Его мать, Аланис, застенчивая и скрытная, утешала его. Отец, угрюмый лесоруб Борак, молчал. Он вообще редко заговаривал с Харадом, разве только для того, чтобы его отругать. Харад так и не понял, за что отец его так не любил и почему он всегда уходил, когда к ним приезжал Ландис Кан. Тот как раз подолгу беседовал с Харадом, расспрашивал его — большей частью про то, что ему снится. Никому другому до снов Харада дела не было. «Снятся ли тебе давние времена, Харад?»
Мальчик не понимал вопроса и отвечал господину, что ему снятся горы и лес. Ландиса Кана это разочаровывало.

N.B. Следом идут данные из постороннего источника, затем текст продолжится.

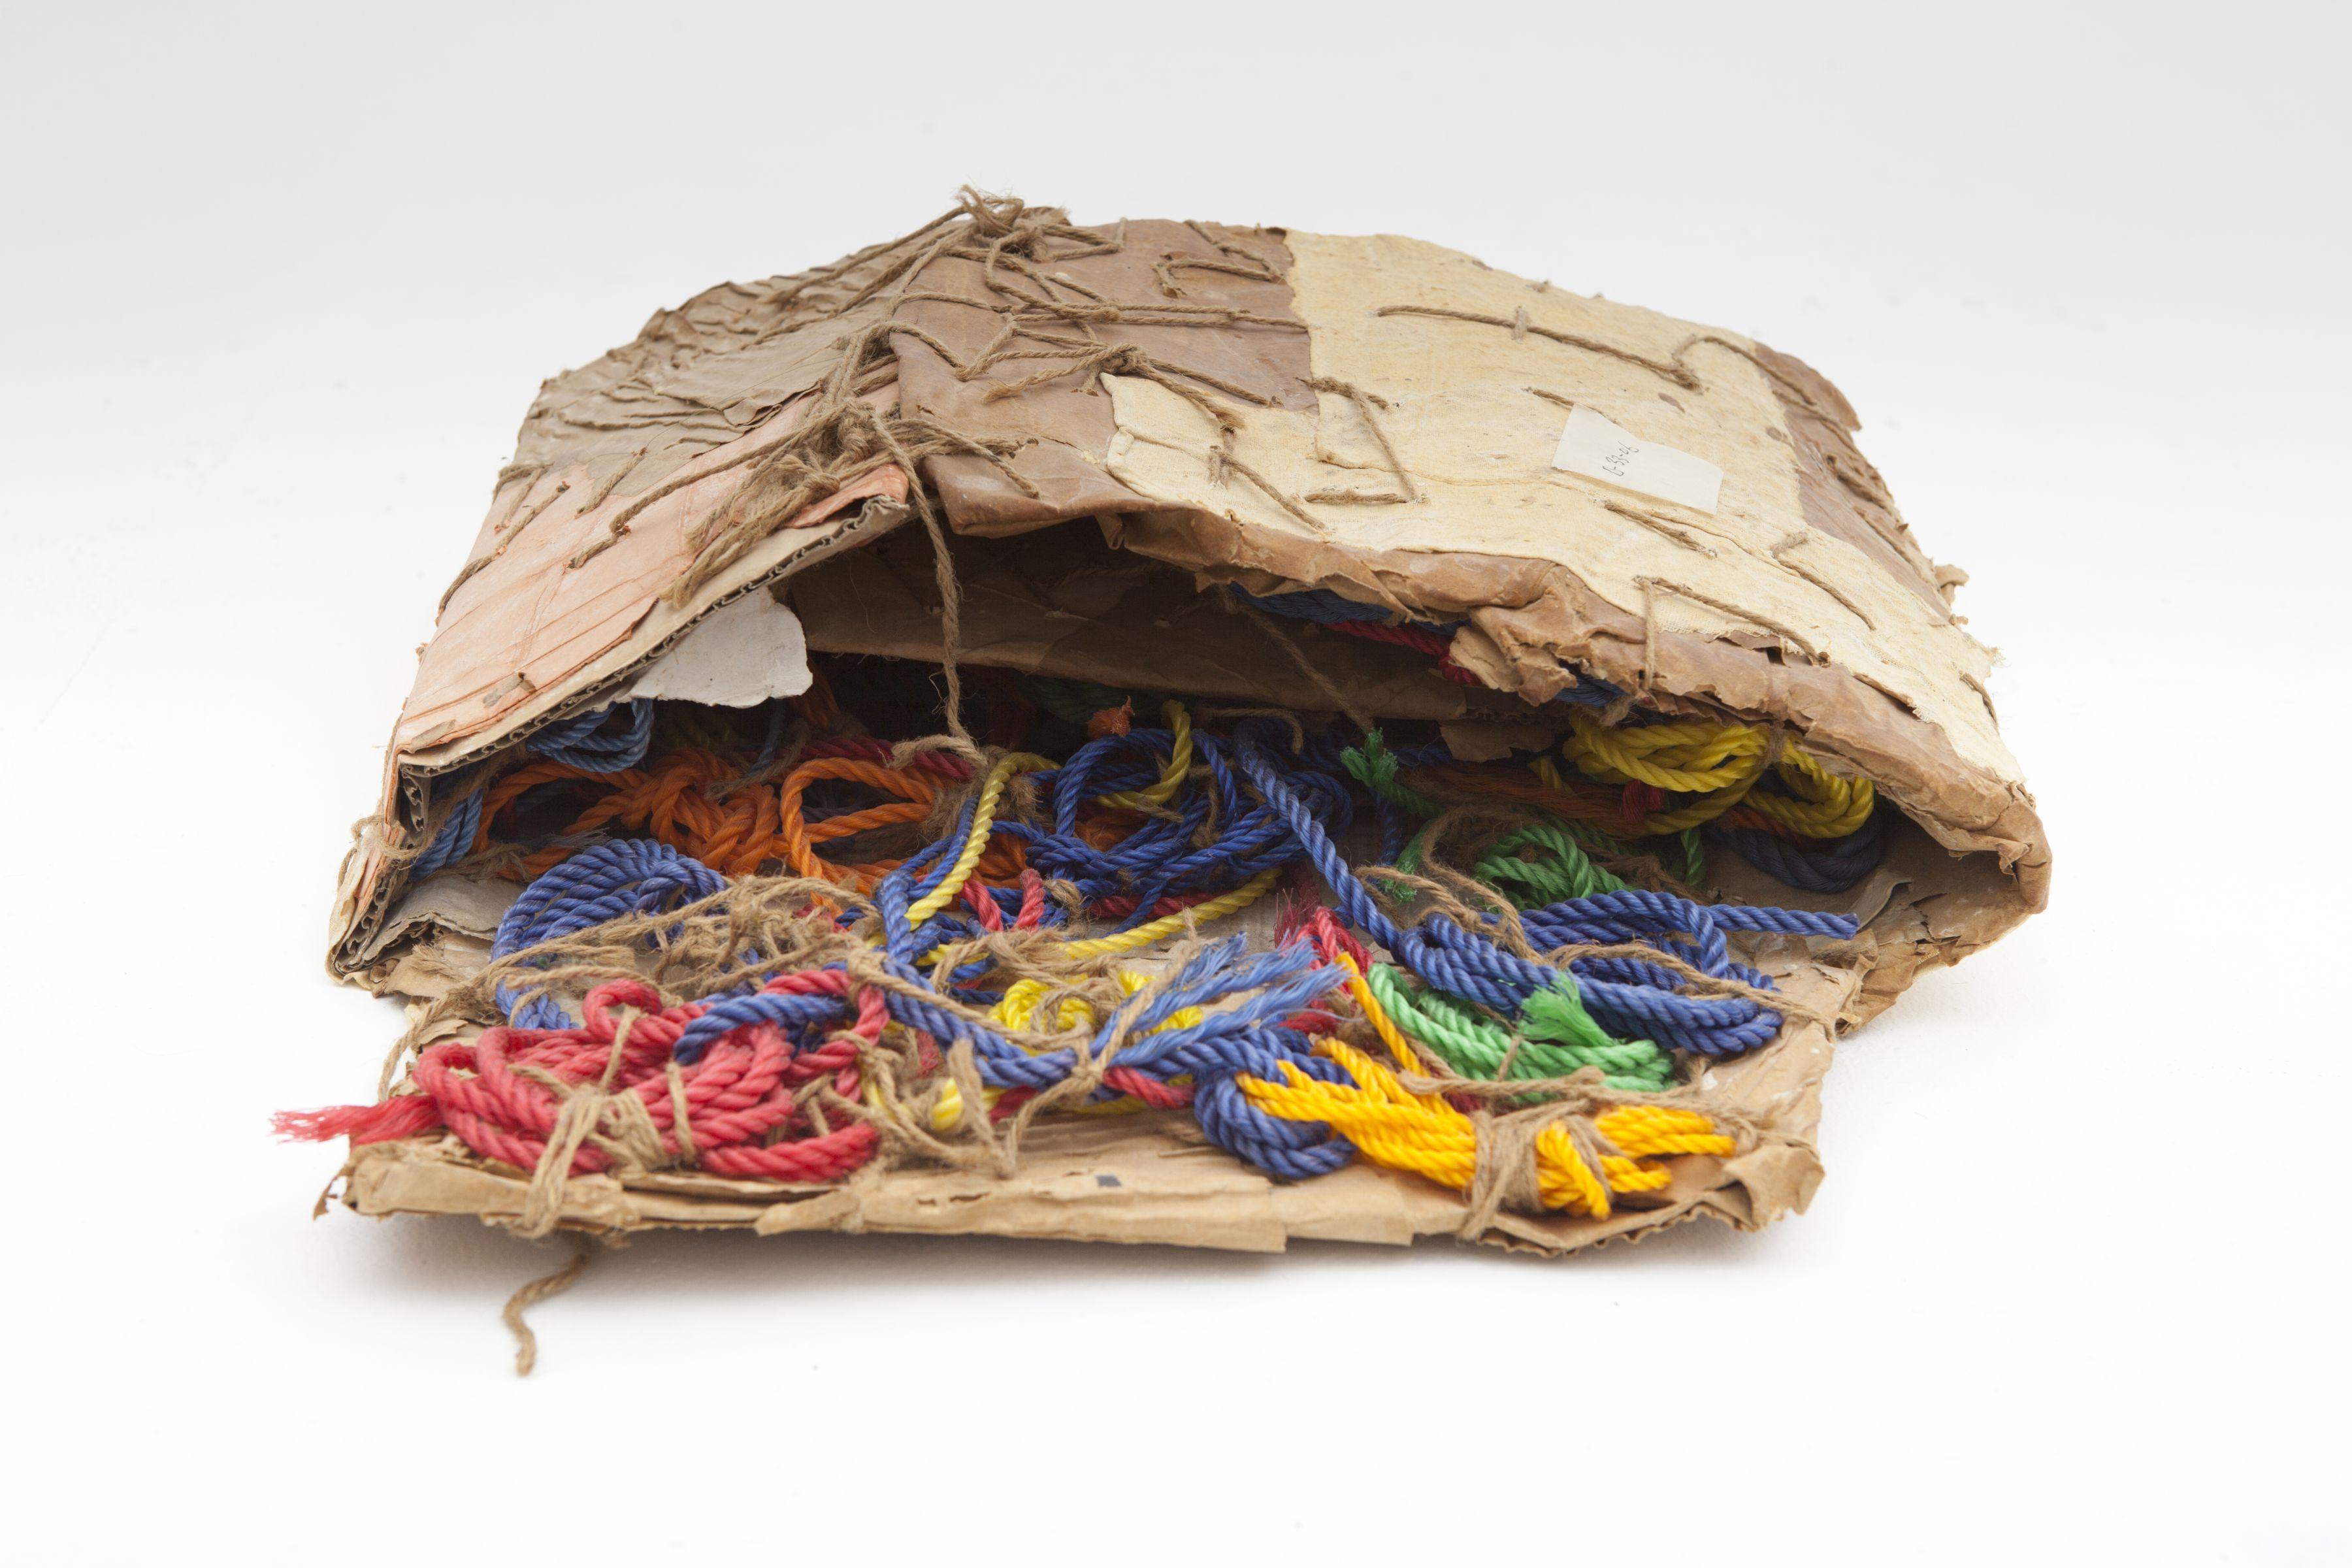 Cardboard, Plastic Rope & Jute, 2006, Mixed media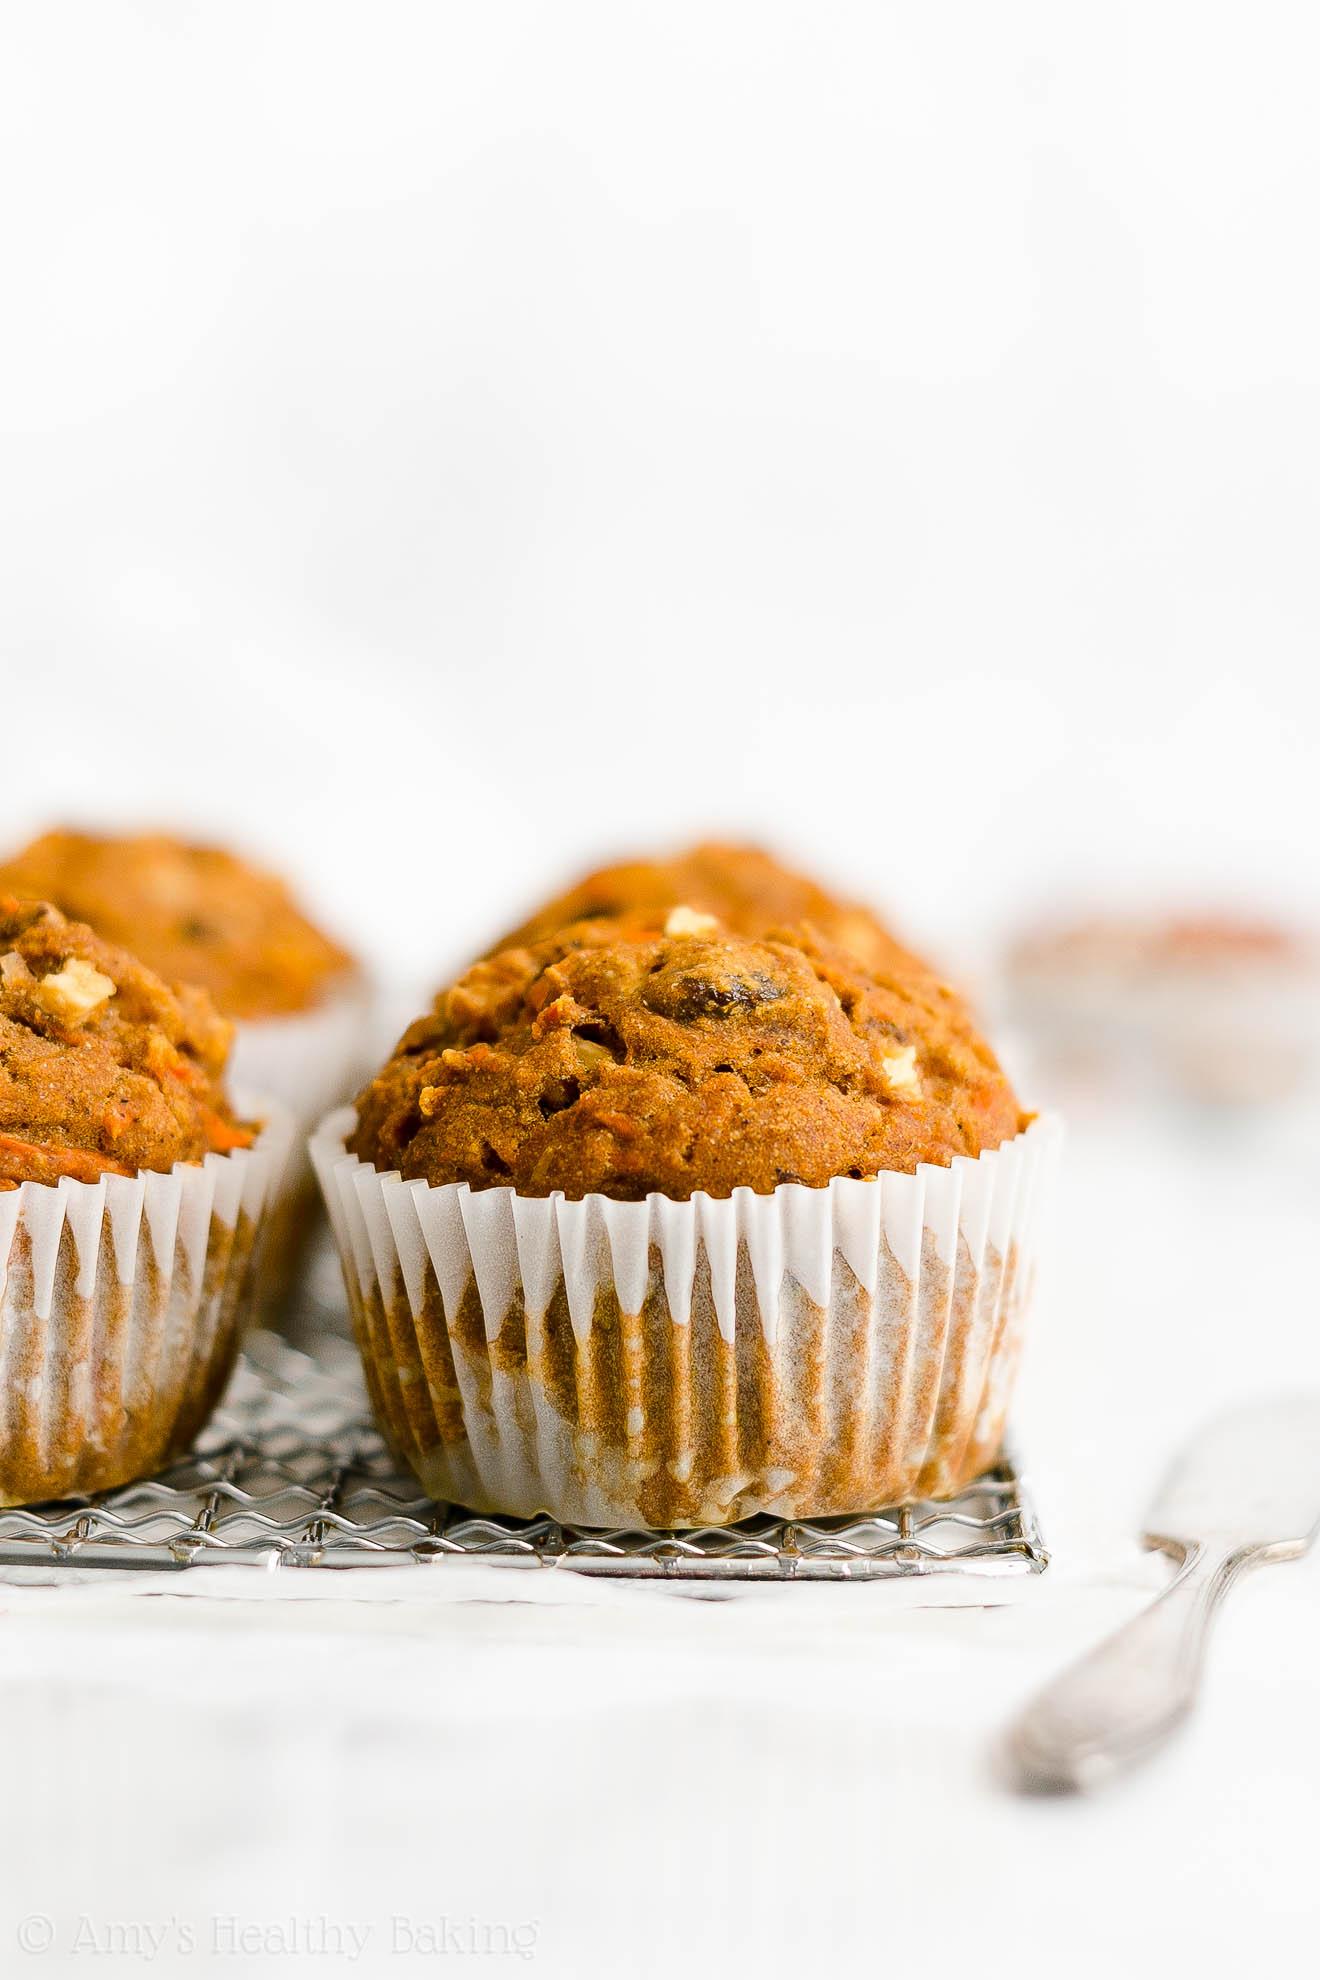 Best Easy Healthy Moist Low Sugar Greek Yogurt Pumpkin Morning Glory Muffins

Когда Хараду было девять, Борак погиб от нелепой случайности. Сухая ветка отломилась от срубленного дерева, пролетела по воздуху, вонзилась Бораку в глаз и прошла в мозг. Он умер не сразу. Его, парализованного, перенесли во дворец, и сам Ландис Кан приложил все усилия, чтобы его спасти. Хараду запомнилось, как господин приехал в их хижину с известием о смерти Борака, а мать почему-то не заплакала.
Сама Аланис умерла три года назад. Хараду тогда было семнадцать. Произошло эти мирно. Она пожелала сыну спокойной ночи и легла спать. Утром Харад принес ей мятного чая, тронул за плечо и увидел, что ее больше нет. Жизнь покинула ее тело.
Харад впервые остался совсем один.
Он провел рукой по темным, с проседью, волосам матери. Ему хотелось сказать ей что-нибудь на прощание, но он не нашел слов. Особой нежности между ними никогда не было, но вечером она всегда целовала его в лоб и говорила: «Да хранит Благословенная твой сон, сынок». Харад дорожил этими минутами. Однажды, когда он лежал в жару, мать погладила его по щеке, и это стало лучшим воспоминанием его детства.
В тот день он тоже погладил мать по щеке и сказал: «Да хранит Благословенная твой сон, мама».
Потом он спустился в деревню и заявил о ее смерти.
С тех пор он стал жить в одиночку. Сила и недюжинная выносливость делали его одним из первых среди лесорубов. Та же самая сила продолжала чинить ему препятствия. Других так и подмывало посостязаться с ним — им, точно молодым бычкам, хотелось подтвердить свое превосходство. На какую бы лесосеку Харад ни пришел, везде повторялось одно и то же. Как ни старался избегать стычек, рано или поздно кто-нибудь обязательно заводил с ним ссору.